I no longer work in an office, or for anyone else - hurrah! - but I do remember how awful office politics can be.
In my last company I had an executive role, and we had secretaries who supported 3 or 4 people, so I had to manage my own quarter of a secretary. I had the additional responsibility of managing all the secretarial and support staff in the company. I've also been a secretary, so perhaps can see things from both sides.
Based on bitter personal experience, the first thing I would say, which might sound horribly politically incorrect, is to ask you "what would a man do"?
The reason for that is that men - IME and IMO - are much, much less likely to get involved in the emotions of any office relationship, and they are often much more able to set clear boundaries between work and leisure.
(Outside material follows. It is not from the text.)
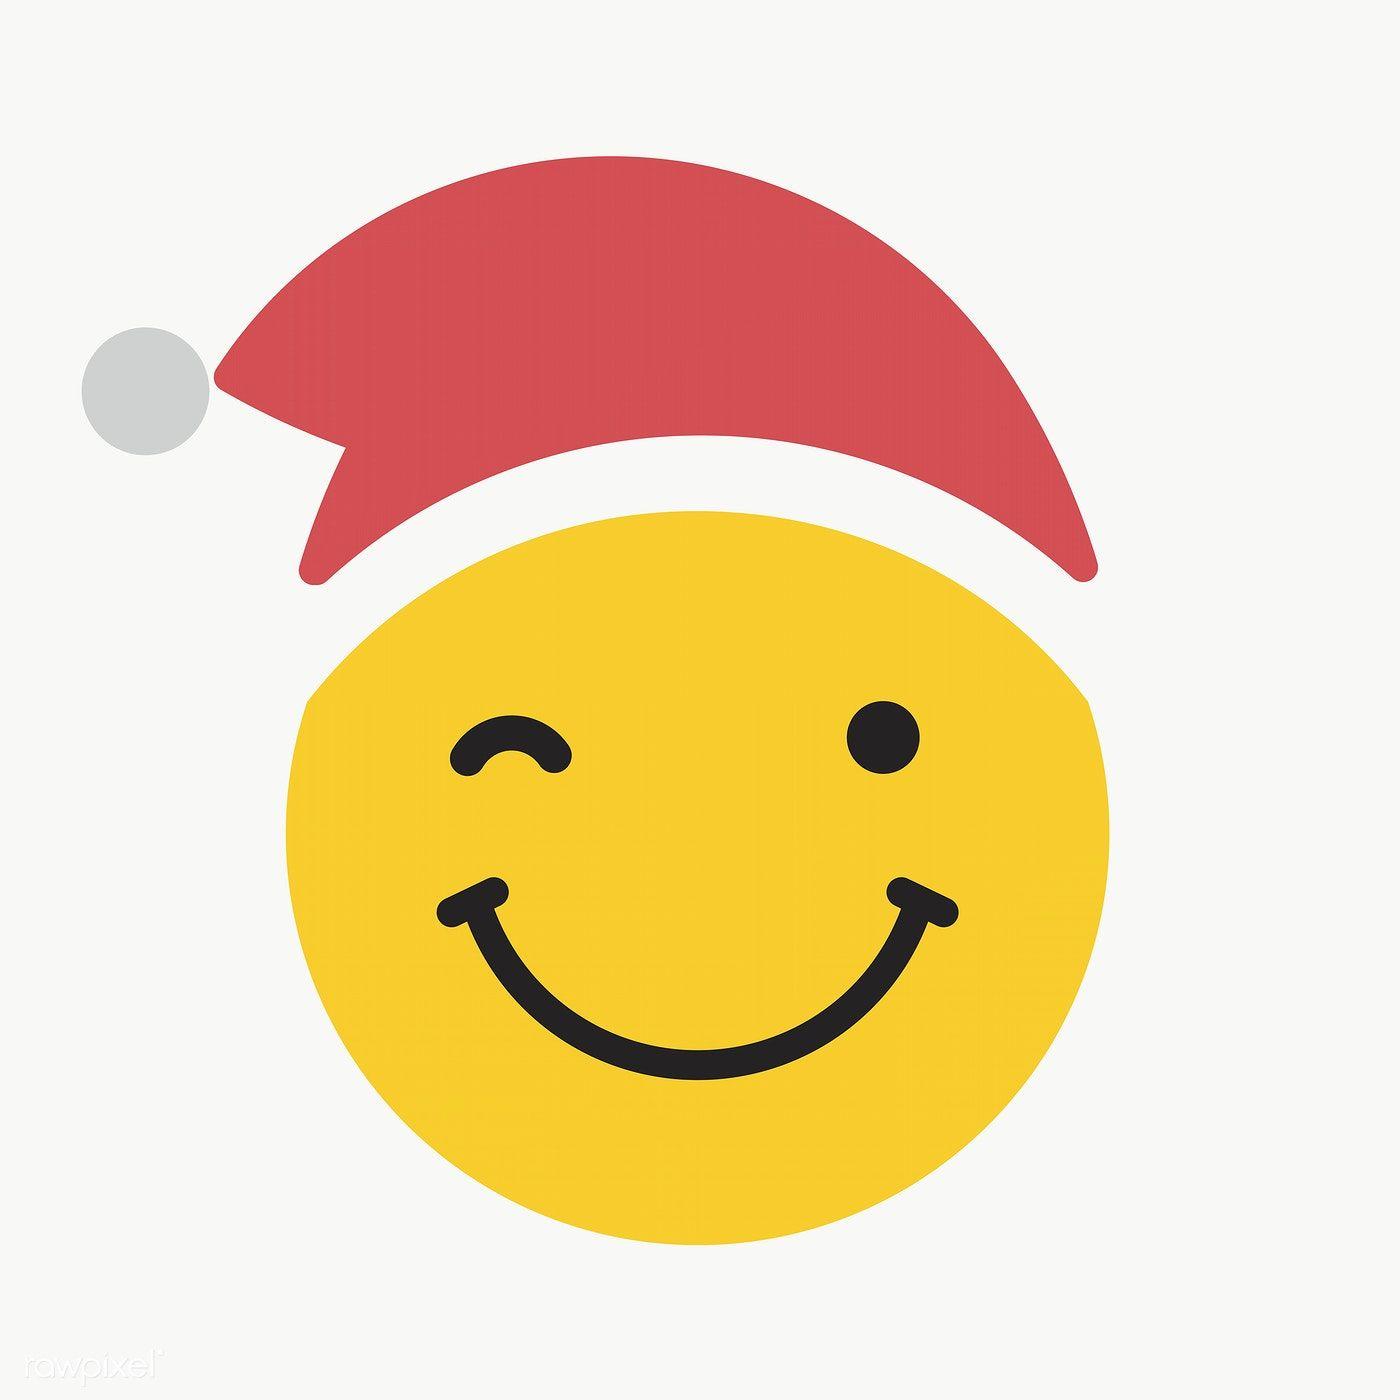 Download Premium Png Of Round Yellow Santa With Winking Face Emoticon On Winking Face Emoticon Emoji

Stop worrying about being nice or pleasant to this woman, as she is obviously only using this against you.
Stop confiding in your colleague. He will not help you - indeed he may well make things worse for you.
Be professional, be calm, be clear and above all be fair and consistent.
Make sure that you know what her role/responsiblities are. It may seem trivial, but if it's not her job to type a letter like this, then you are being unfair. (I can't think that this would be the case, but make sure you do know what you can/can't ask her to do for you).
Then do your job and manage her so that she does what you need from her.
If she kicks off, deal with it calmly and make it very clear by the way that you respond that it is she who is being ridiculous. Shouting at you in the middle of the office is childish and immature. But how did you handle it? Did you get drawn in? Did you respond? Or did you say something like "when you have finished, perhaps you would like to come into my office and tell me what is wrong?" i.e. being cool and superior, without getting involved.
You don't have to be liked to get on in an organisation - but somehow we always want to be liked. It is a very human need.
But we do need to be respected. Which is why knowing what her role allows/does not cover is vital - along with appropriate communication.
Don't go to HR with this as this will give them evidence that it is you who can't behave as a manager.
Sorry if this sounds harsh, but I think you have allowed emotions and feelings to cloud what should be a very simple part of the office dynamic.